● Required work:
Repeat the data exactly, leaving out any image.

● Supplied data:
==============================

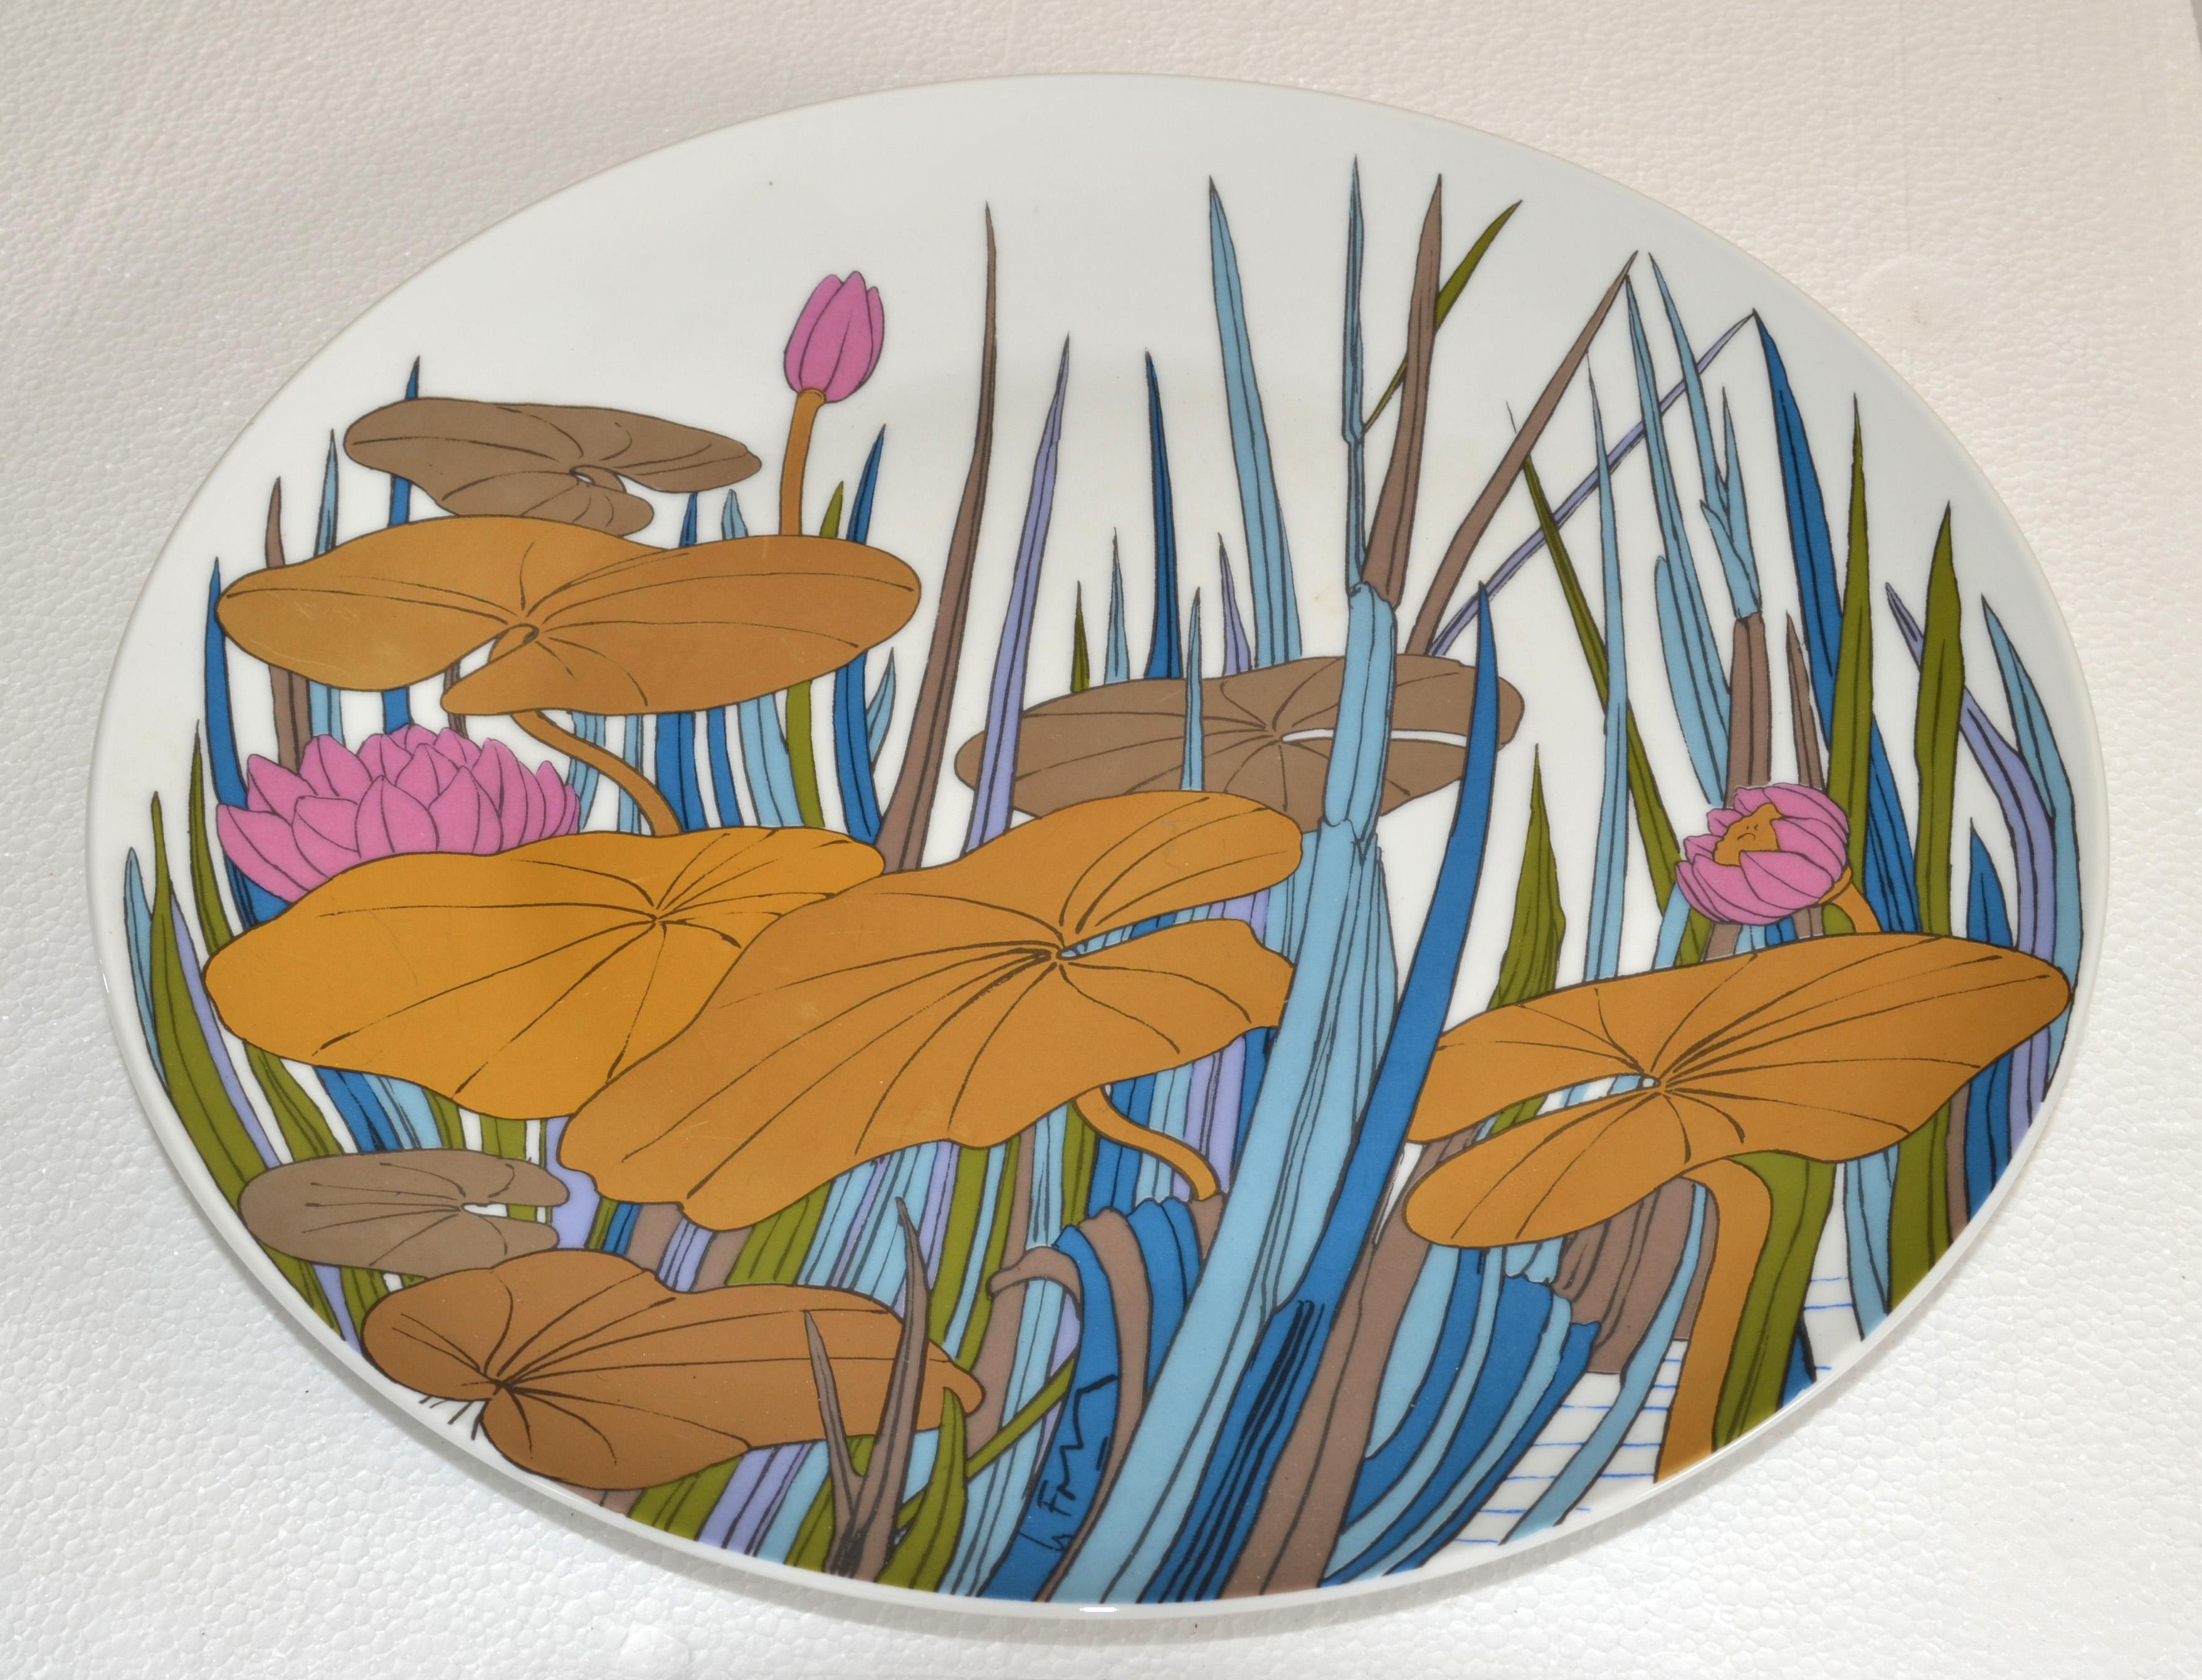 Striking original Rosenthal porcelain hand painted flower plate designed by Wolfgang Bauer and made in Germany for Studio-Linie.
This 100 Years Anniversary Collectable Wall Plate features multi-color floral branch outlined in gold.
Marked Rosenthal

==============================

● Final answer:
 Striking original Rosenthal porcelain hand painted flower plate designed by Wolfgang Bauer and made in Germany for Studio-Linie.
This 100 Years Anniversary Collectable Wall Plate features multi-color floral branch outlined in gold.
Marked Rosenthal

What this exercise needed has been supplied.